We took her to the aquarium in Chattanooga, a gorgeous fun place. My youngest daughter came along on the trip, anxious to meet her new stepsister. Our oldest daughter had to work so she stayed home. But their support was amazing! Before we left town, our oldest told Rob that he shouldn't worry, that he would make a great father, because he already was a great father.



Above is Lyanna, the little cutie, and below is Sara, our other little cutie, in the butterfly room. She and Lyanna hit it off amazingly well.




He loved holding her. It was the sweetest thing I have ever seen in my life.

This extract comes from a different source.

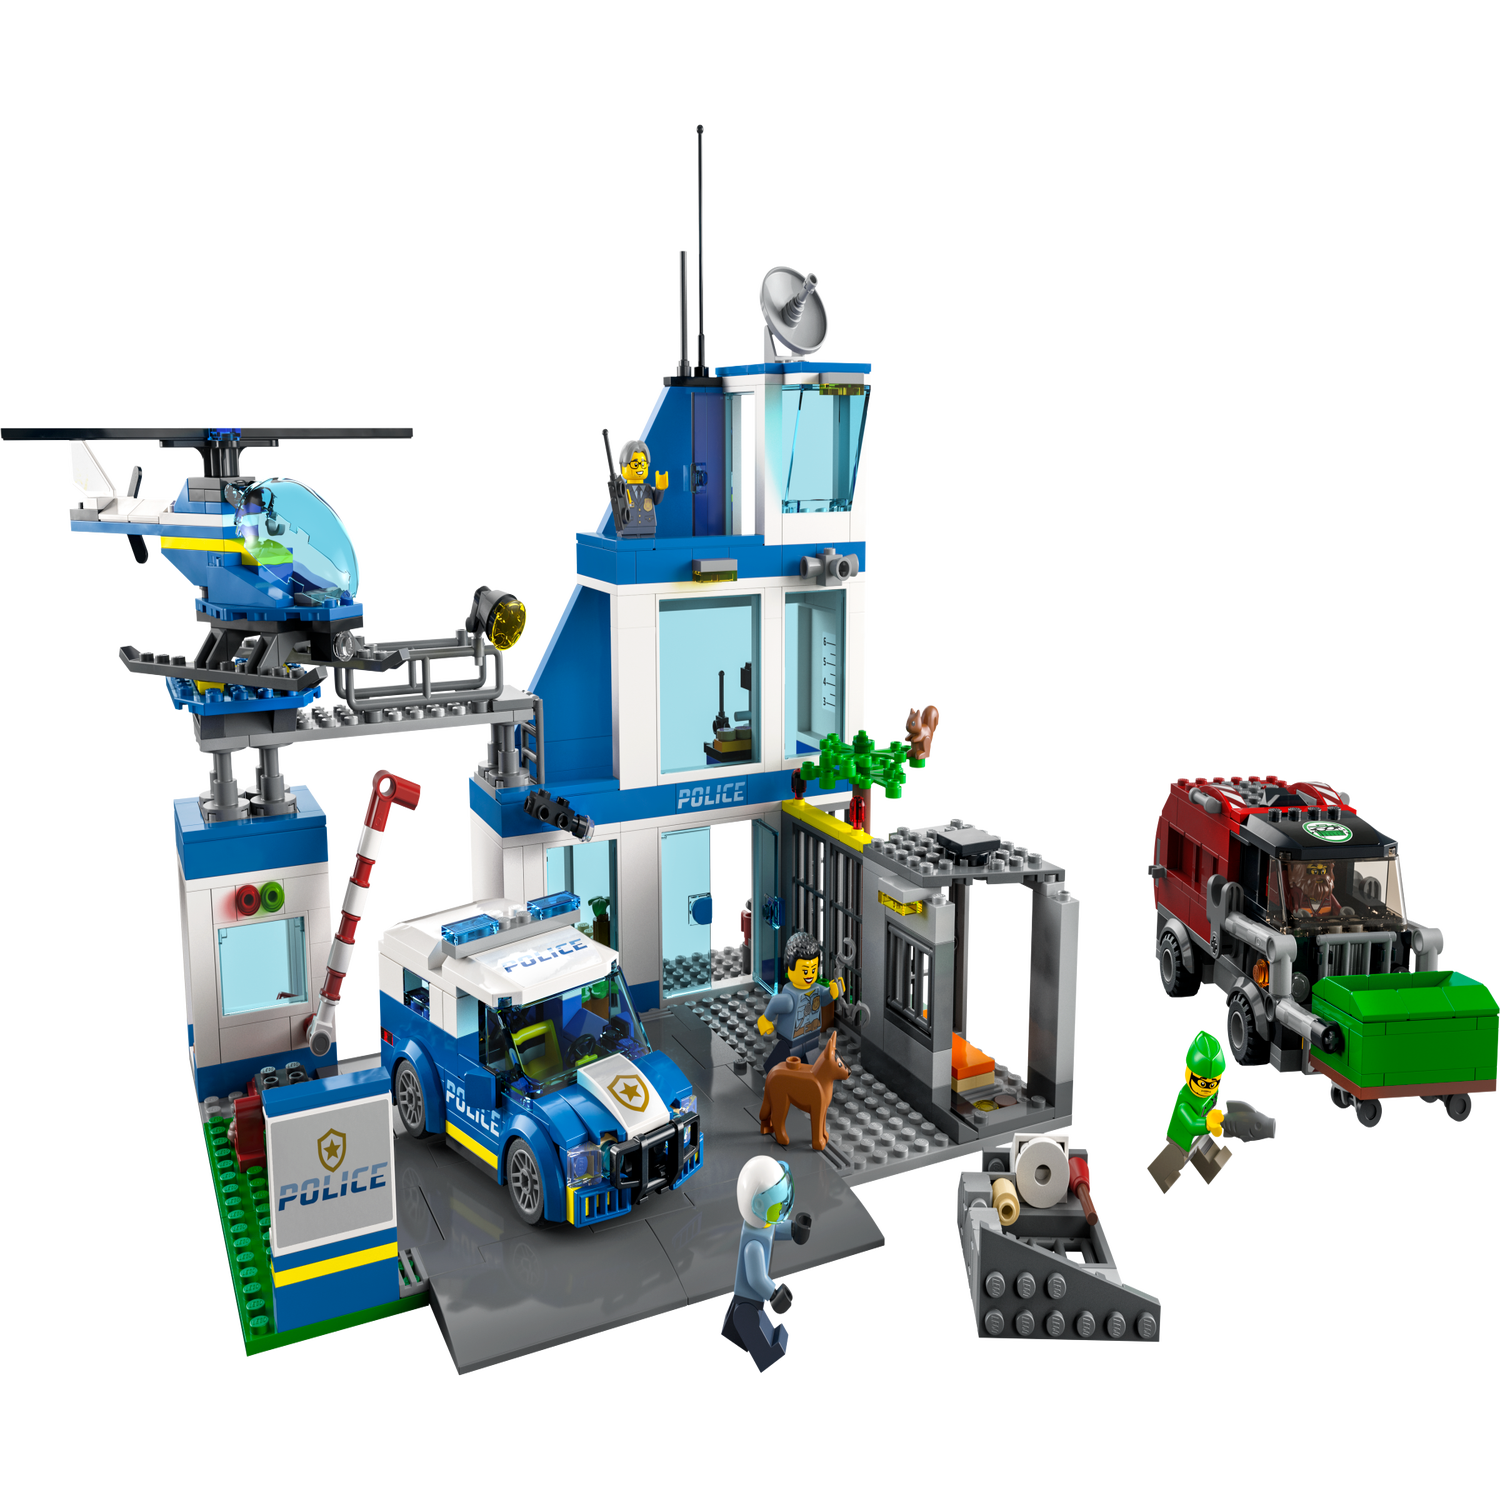 Big Box 41960 | DOTS | Buy online at the Official LEGO® Shop US

Since then, she's been to visit us. It was a wonderful visit and we're planning another visit with her in about a week. He talks to her almost every night on the phone, reads her stories, as much as her four and a half year old attention span will allow. We're still learning, still trying to figure this out, but it will all work out. Things are only as complicated as you allow them to be, right? And it's not complicated to love this child, to enfold her into our lives.

Here's what I've learned:

1. The heart is ever expanding.
2. Forgiveness is a choice and so incredibly freeing.
3. Trust. Go out on a limb and trust that all is working out as it should. Because it always does.
4. My marriage is stronger than ever. My family has been strengthened by this lovely, new addition.
5. Embrace the curve balls...they turn into home-runs.
6. Family isn't always defined in traditional, biological terms. It is defined and shaped by love, encouragement and acceptance.
7. I have an amazing group of friends who know me, call me out when I need it, and still love me.
8. Never, never, never get too comfortable. Because change is inevitable and it's only through change that we grow. And who wants to be stagnant? Boring. I hate the merry-go-round!

So, that's it...for now.

Thanks for listening.

7 comments:

Sheri said...

dearest melinda, after reading your post i realize that i am speechless. this was such a beautiful chapter in your life and you shared it honestly, seemingly unafraid to say that you had a very rough time with the fear. perhaps that fact is what makes this reunion even more precious? sounds to me like you've been blessed beyond your wildest dreams! and i am so glad for you!!

Melinda Owens said...

Thank you, Sheri. I'm so glad to have met you recently through our blogs...I so enjoy reading about your days, your life, your beautiful poetry and just getting to know you. Your visits are always so encouraging...you make me smile. Here's to new friends!

Lisa said...

Is there anything at all that I do not love about this blog? Nothing--it is so perfectly said. I love the metaphor of marriage being a roller coaster, and the details and images of your blog are just perfect--they're perfect! Your pictures say so much and only deepen the richness of your writing. The list of lessons at the end is something I should carry around in my pocket and look at every day (#5 is my very favorite). Can you tell I like it?

Anonymous said...

I hope you realize that by supporting and loving Robert through this whole process that you actually did give him the one thing he has always wanted. To paraphrase your #6; love is always much more significant than biology.

Melinda Owens said...

See what I mean by my amazing friends? Thanks, Lisa and Troy, as always, for your encouragement. And Troy, I haven't really thought about it that way...until now. :)

Linda said...

Oh my ... "Daddy, I've missed you so much.". That brought me to tears. I'm really speechless.

Anonymous said...

Hello Melinda, reading this I understand completely what emotions you felt. When my step-daughter was 8 years old, her mother took her to live in Canada. My husband's grief was so intense that I feared he would have no choice but to move there too. Our marriage survived, but there were some extremely rough times.